My first experience of big data and high-speed analytics was at CERN and the Rutherford Lab over 50 years ago. I was in the Rutherford Lab part of a large distributed team working on a CERN bubble chamber experiment. There was a proton-proton collision every second or so which, for the charged particles, produced curved tracks in the chamber which were photographed from three different angles. The data from these tracks was recorded in something called the Hough-Powell device (after its inventors) in real time. This data was then turned into geometry; this geometry was then passed to my program. I was at the end of the chain and my job was to take the geometry, work out for this collision which of a number of possible events it actually was – the so-called kinematics analysis. This was done by chi-squared testing which seemed remarkably effective. The statistics of many events could then be computed, hopefully leading to the discovery of new (and anticipated) particles – in our case the Ω–. In principle, the whole process for each event, through to identification, could be done in real time – though in practice, my part was done off-line. It was in the early days of big computers, in our case, the IBM 7094. I suspect now it will be all done in real time. Interestingly, in a diary I kept at the time, I recorded my immediate boss, John Burren, as remarking that ‘we could do this for the economy you know’!
So if we could do it then for quite a complicated problem, why don’t we do it now? Even well-known and well-developed models – transport and retail for example – typically take weeks or even months to calibrate, usually from a data set that refers to a point in time. We are progressing to a position at which, for these models, we could have the data base continually updated from data flowing from censors. (There is an intermediate processing point of course: to convert the sensor data to what is needed for model calibration.) This should be a feasible research challenge. What would have to be done? I guess the first step would be to establish data protocols so by the time the real data reached the model – the analytics platform, it was in some standard form. The concept of a platform is critical here. This would enable the user to select the analytical toolkit needed for a particular application. This could incorporate a whole spectrum from maps and other visualisation to the most sophisticated models – static and dynamic.

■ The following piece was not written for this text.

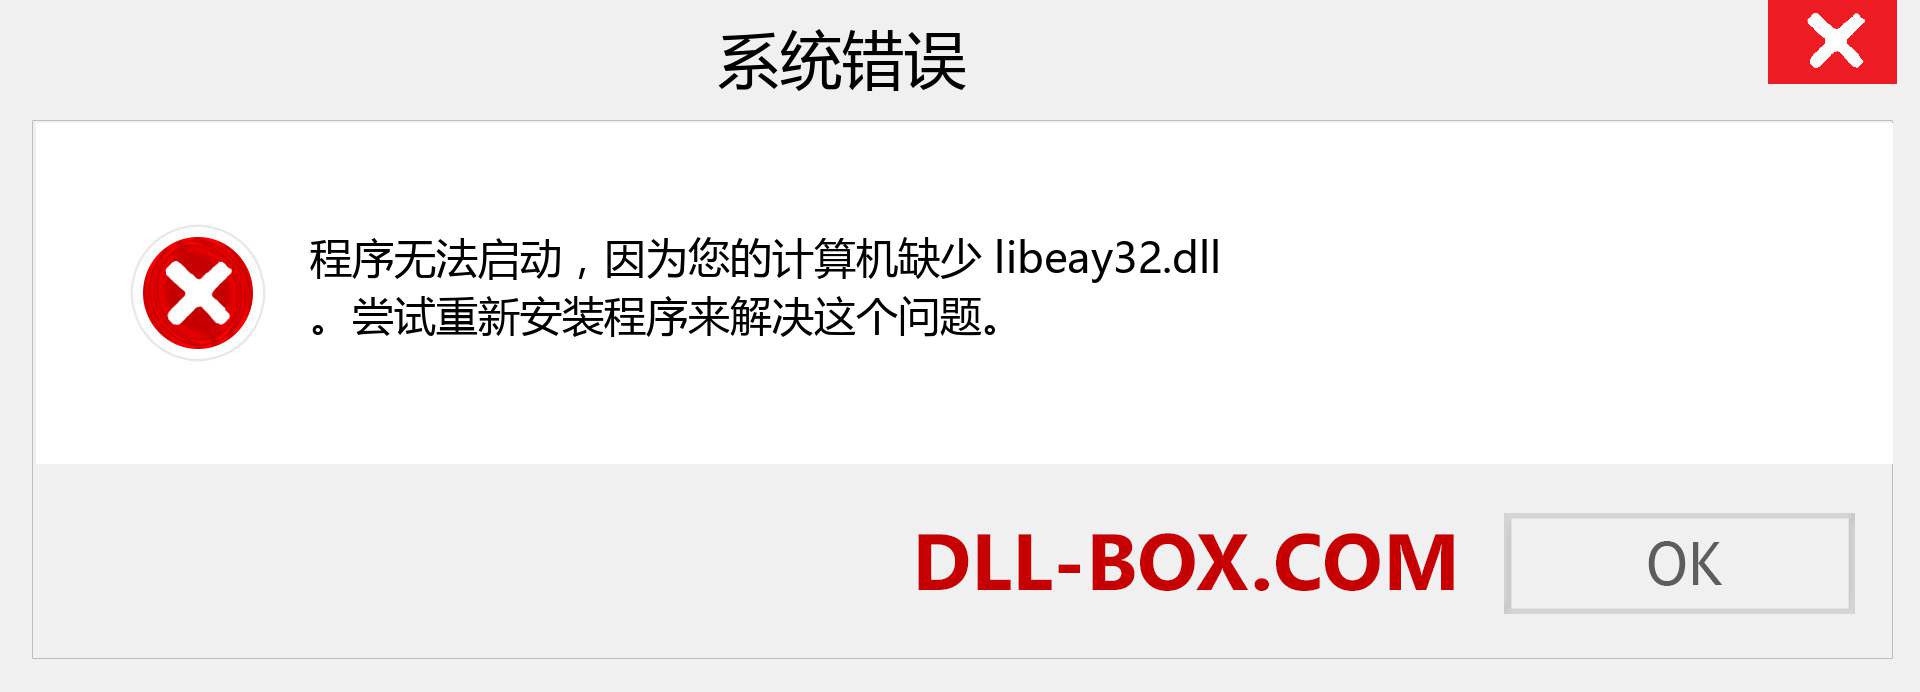 libeay32.dll 文件丢失？。 适用于 Windows 7、8、10 的下载 - 修复 Windows、照片、图像上的 libeay32 dll 丢失错误

There are two possible guiding principles for the development of this kind of system: what is needed for the advance of the science, and what is needed for urban planning and policy development. In either case, we would start from an analysis of ‘need’ and thus evaluate what is available from the big data shopping list for a particular set of purposes – probably quite a small subset. There is a lesson in this alone: to think what we need data for rather than taking the items on the shopping list and asking what we can use them for.
Where do we start? The data requirements of various analytics procedures are pretty well known. There will be additions – for example incorporating new kinds of interaction from the Internet-of-Things world. This will be further developed in the upcoming blog piece on block chains.
So why don’t we do all this now? Essentially because the starting point – the first demo – is a big team job, and no funding council has been able to tackle something on this scale. There lies a major challenge. As I once titled a newspaper article: ‘A CERN for the social sciences’?